For the same waveform and discharge point, the amplitude of the response waveform propagated to the winding head is greater than that propagated to the winding end. The frequency response of the winding and the spectral distribution of the PD waveform jointly influence the shape of the response PD waveform. The peak in the transfer function near 1 MHz affects the oscillation intensity of the PD response waveform, while the peak around 20 MHz influences its polarity. For different types of PD waveforms, their spectral distributions govern both the oscillation intensity and the degree of waveform reversal.
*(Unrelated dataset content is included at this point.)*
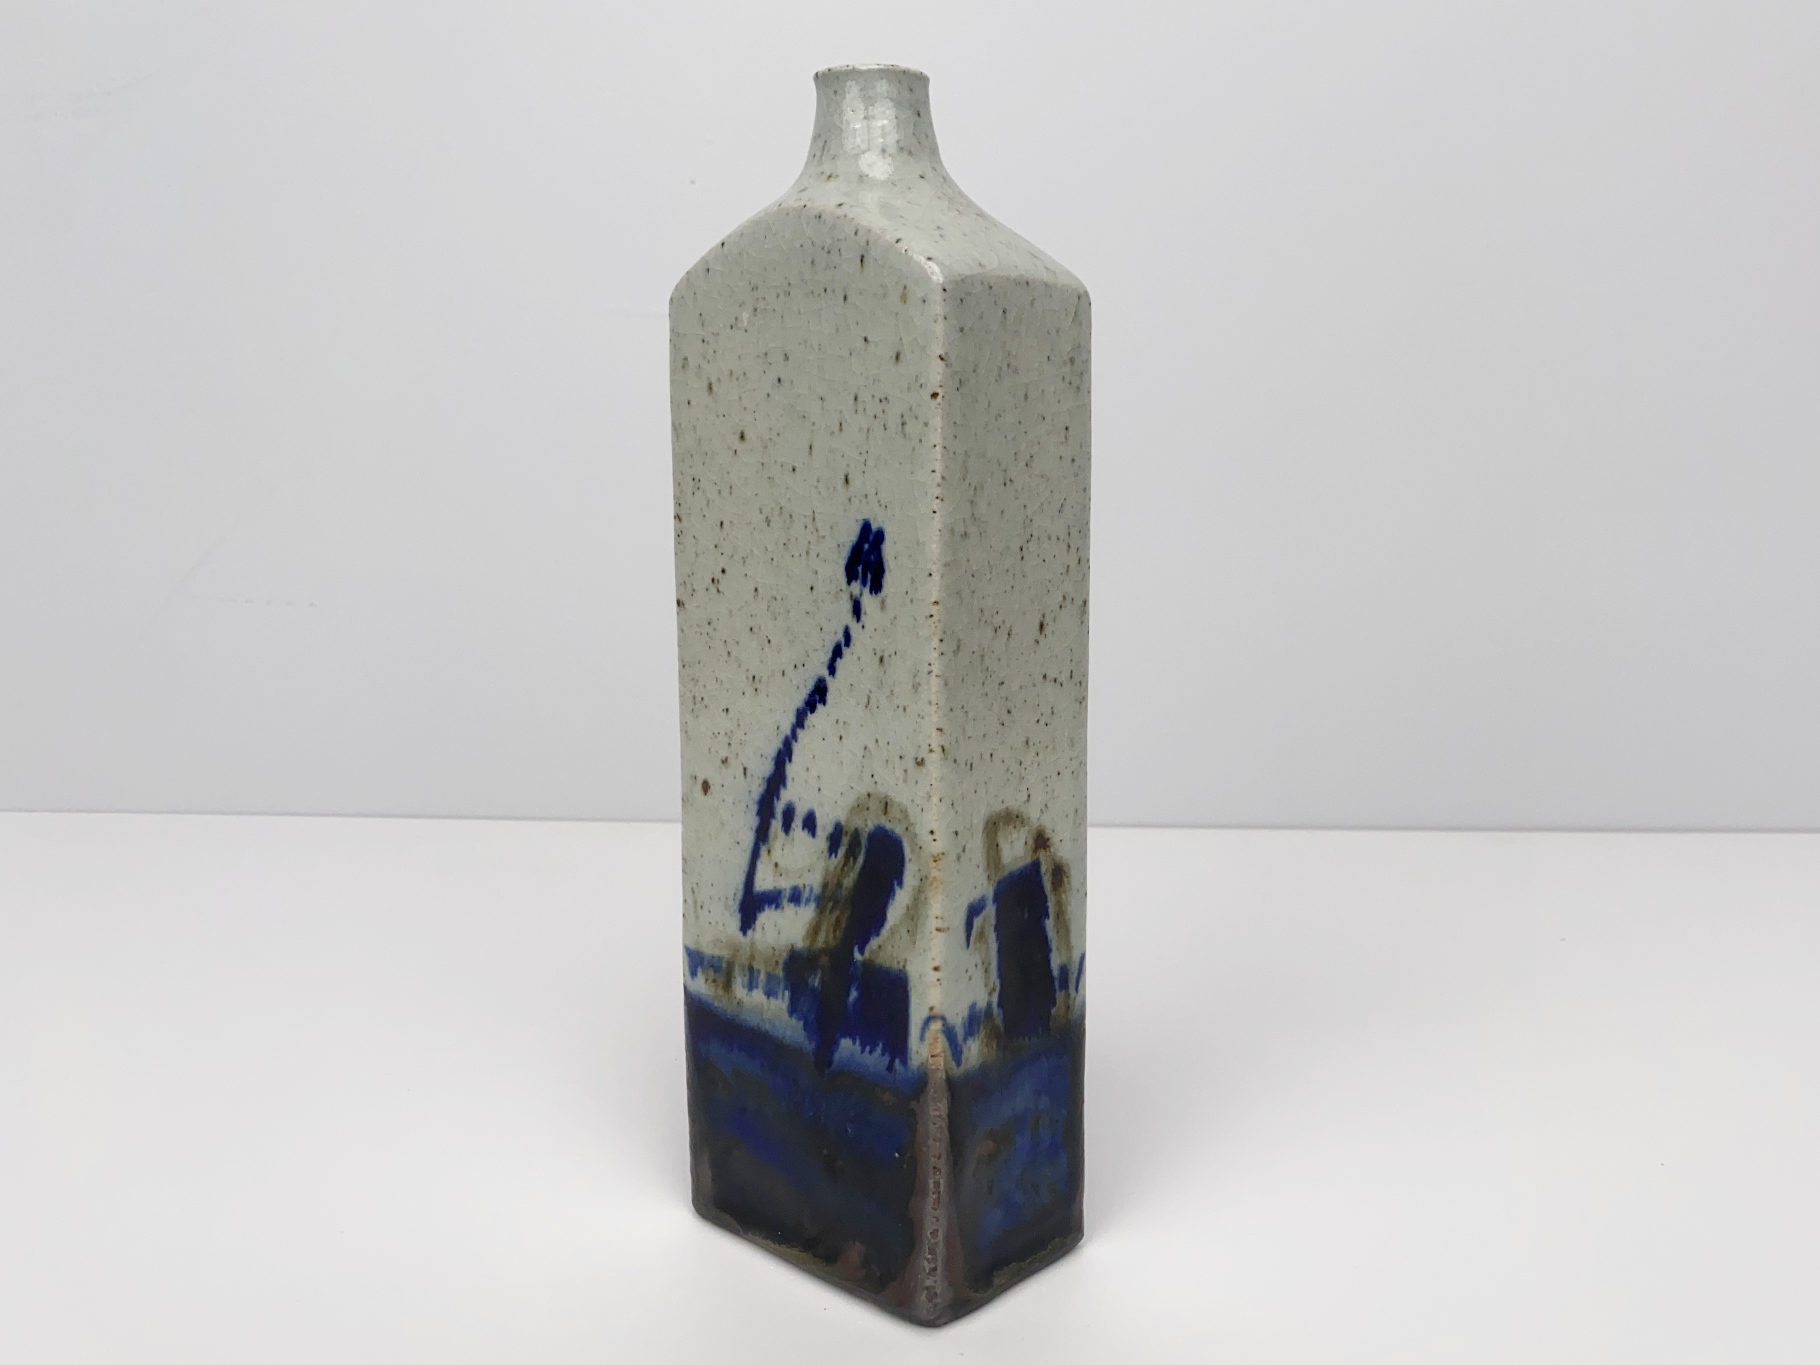 Vase, Ceramic, Stoneware, Unique Piece, abstract Painting and glazed, 1980s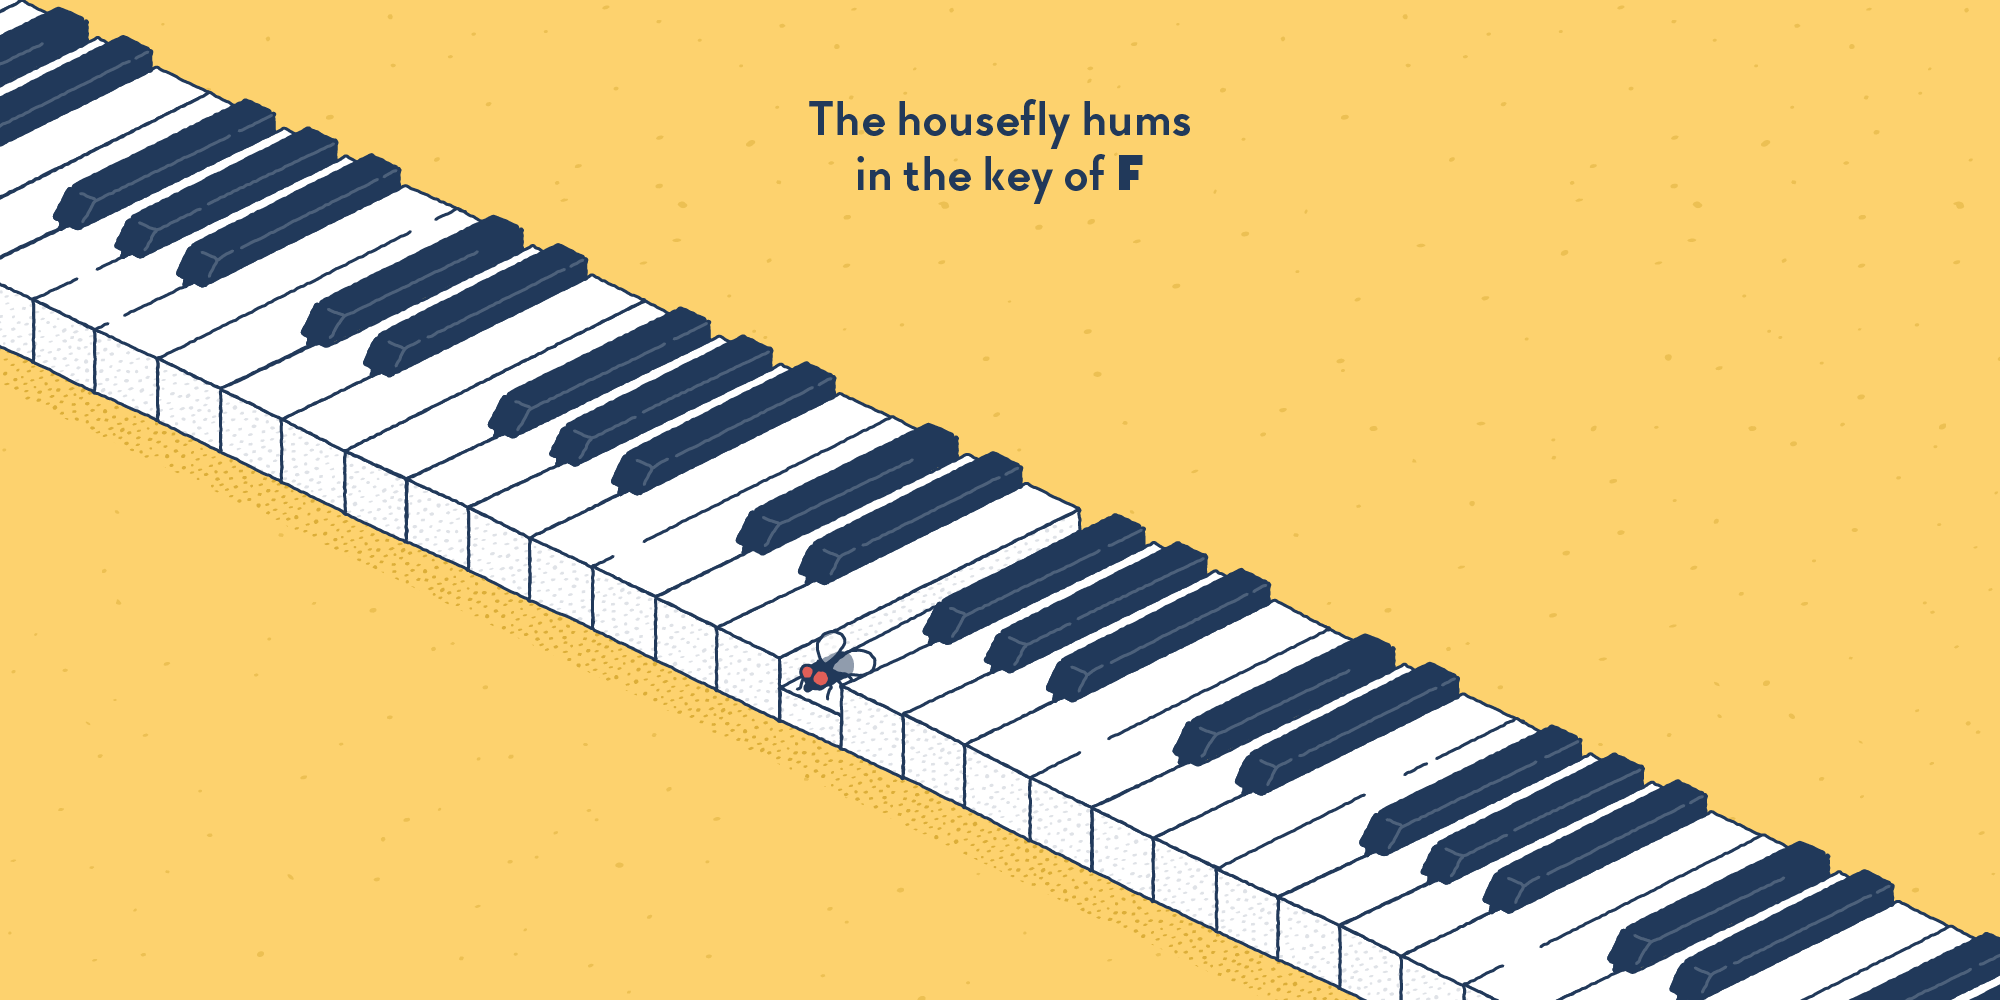 A little fly pressing the middle F key of a large piano keyboard

Oscillations and polarity reversal during the propagation of PD waveforms within the winding alter the shape of the response waveforms, which in turn affects the classification results of different PD response waveform sets. Since the path from the discharge source to the winding head or winding end can be regarded as a two-port network with frequency-selective filtering characteristics, both the inter-cluster and intra-cluster distances of the PD response waveform sets are significantly reduced. While oscillations increase the equivalent frequency of response waveforms from the same discharge source—thereby enlarging inter-cluster distances and facilitating clustering—they can also distort certain waveforms and alter their equivalent duration, which may reduce inter-cluster separation. The polarity reversal effect considerably increases both inter-cluster and intra-cluster distances. These factors collectively influence the clustering outcomes, potentially causing similar portions of different waveform types to form a separate cluster or merging two similar waveform sets into a single category.
It should be noted that this study employs an idealized model of the transformer winding. Two possible deviations from this assumption are considered: If turns at the high-voltage end differ in length from those in the middle section, the resulting asymmetry in the distributed inductance and capacitance matrices would affect the equation solution. Such cases would require a segmented modeling approach. Geometric changes due to distortion or poor contact can significantly increase high-frequency losses, accelerating PD pulse attenuation. Impedance non-uniformity may cause waveform reflection/refraction, while inter-turn resonant structures could amplify specific frequency components, substantially influencing PD analysis.